Our ranking, from 30 to one, is here:

30. Vassar College

Poughkeepsie, New York


For the 2021 fall semester, Vassar College’s Engaged Pluralism Initiative expanded a project that it had piloted before the pandemic, the Movement for Affordable Textbooks. This initiative ensures that the college’s libraries purchase multiple copies of required course textbooks. The Jack Kent Cooke Foundation also praises Vassar College’s policy of maintaining student grant levels throughout the four years of study. PrepScholar notes that Vassar College’s financial aid is need-blind and that students from low-income families are supported with either no or limited loans.

29. Belmont University

Nashville, Tennessee


In late 2021, Belmont University stated that it was expanding its Bridges to Belmont program to support more students than ever before. This program provides full scholarships to students from the college’s region who would otherwise be unable to afford higher education. Additionally, Belmont University’s director of counseling, Katherine Cornelius, has explained to Inside Higher Ed that the college has focused upon expanding mental health support to students, which has gone as far as purchasing Therapy Assistance Online and TimelyCare, two online platforms that provide mental and physical health support, for all students to utilize.

28. University of Arkansas

Fayetteville, Arkansas


A number of centers within the University of Arkansas are safeguarding students during the present economic uncertainties.
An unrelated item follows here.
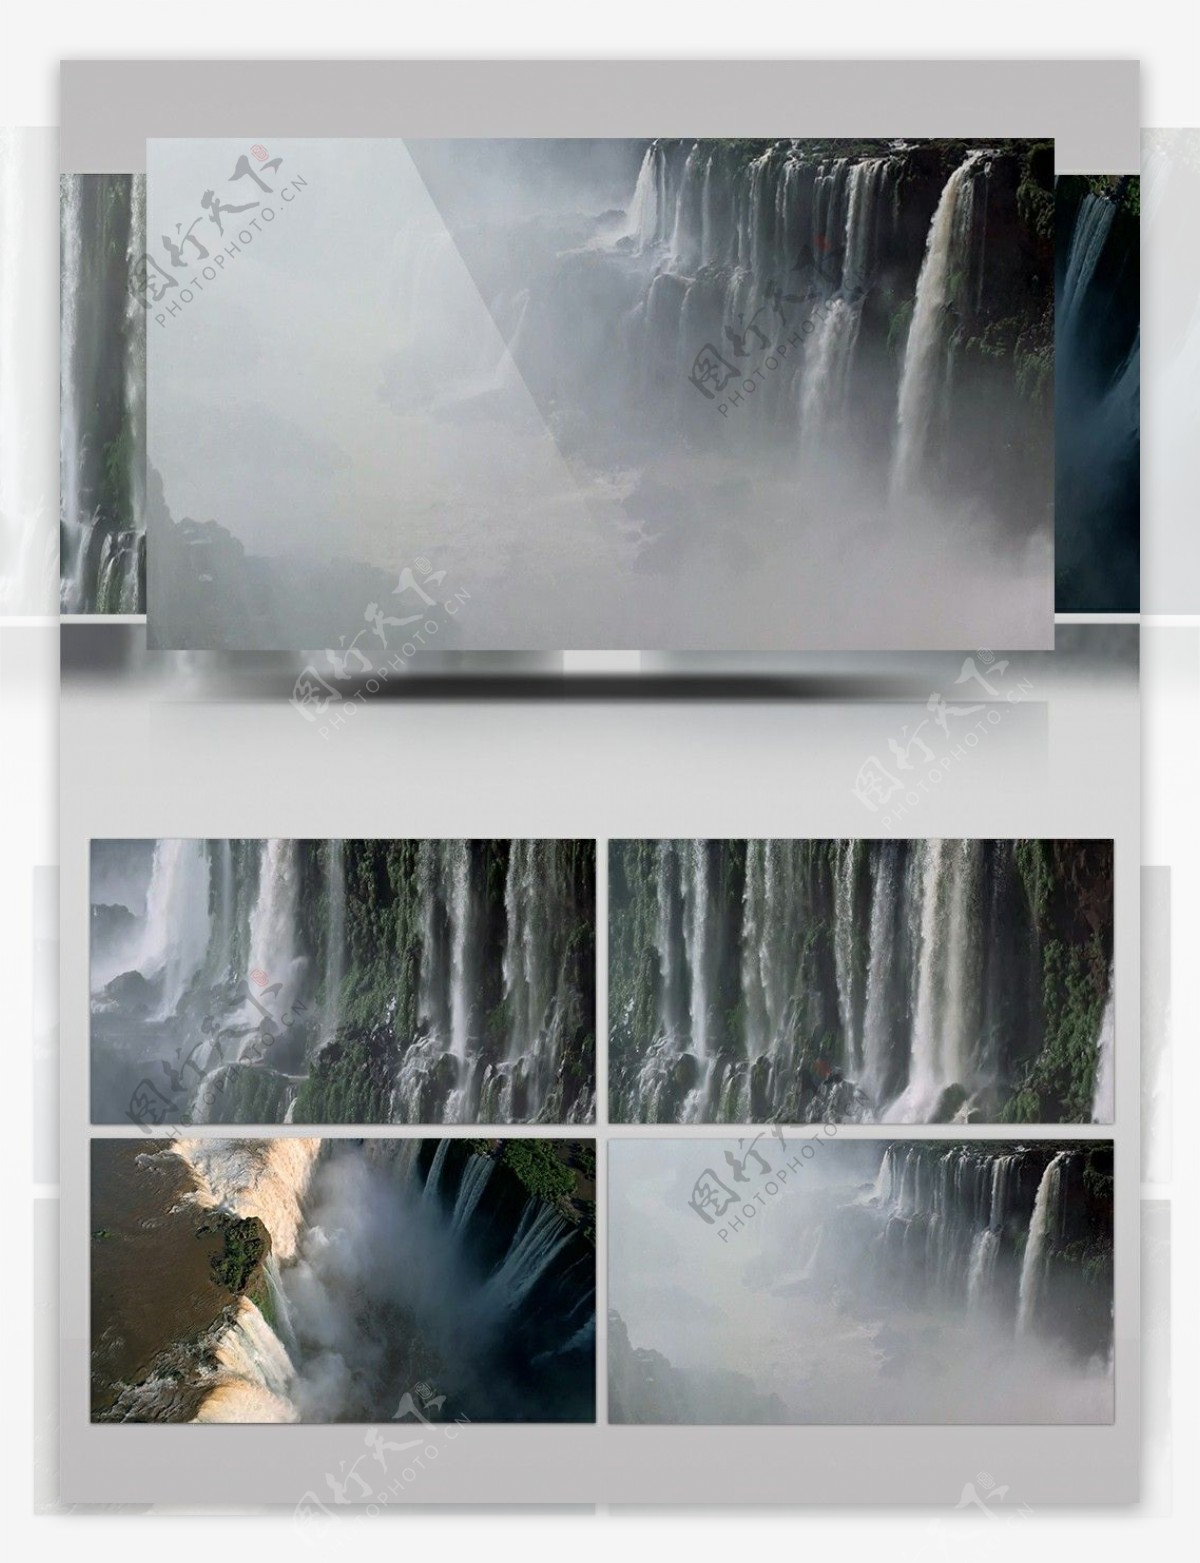 壮观瀑布流水实拍素材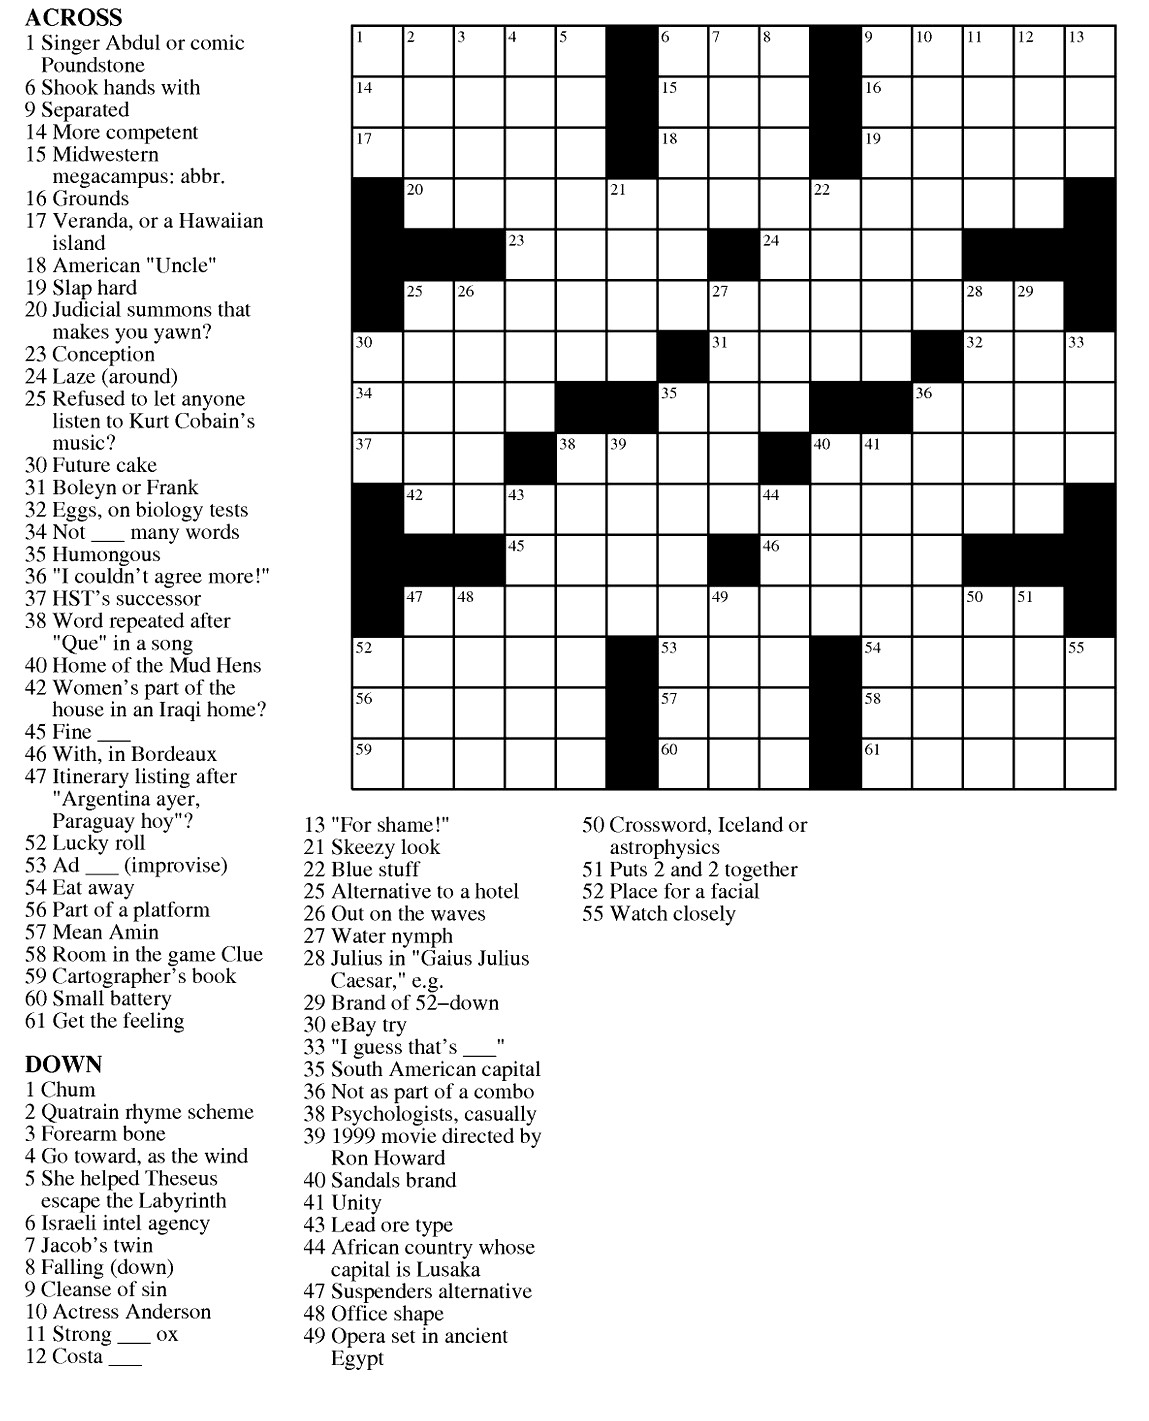 Free Crossword Puzzle Printable

Perhaps the most wide-ranging is the Student Success Center. For the fall 2021 semester, this center expanded, “its resources and programming to ensure all students have access to the opportunities they may need to thrive on campus.” Additionally, the Career Development Center gained over $550,000 in funding to add new positions focused upon creating more comprehensive career services. Some of the topics that this center is launching programming around can help students with their finances in the present day, such as one that is focused upon entrepreneurship and the gig economy. CollegeBoard states that over the last five years, in-state tuition and fees have decreased slightly at the the University of Arkansas.

27. The Cooper Union for the Advancement of Science and Art

New York City, New York


In early 2021, The Cooper Union announced that its tuition and fees would not be rising for the 2021-2022 academic year. At this time, the college also stated that it would continue to guarantee scholarships that cover at least 50% of tuition to all students. The college has also reinstated the engineering alumni-student career mentoring program to ensure that students are able to secure career-related employment after graduation. Inside Higher Ed notes that Cooper Union has also created an app, Cooper Care, which provides students with 24-7 access to virtual healthcare providers.

26. Culver-Stockton College

Canton, Missouri


In the summer of 2021, Culver Stockton College announced a new program that would make education significantly more affordable for students who had taken a break in studies due to the pandemic. This program, the College Restart program, pays for half of an applicable student’s tuition. Since this announcement, the college has secured further funding to support students. For instance, in November, it received a $1 million gift to provide enhanced first-generation student scholarships. Jack Kent Cooke Foundation uses Culver Stockton College as an example of an institution that provides students with a long-term estimate of college costs.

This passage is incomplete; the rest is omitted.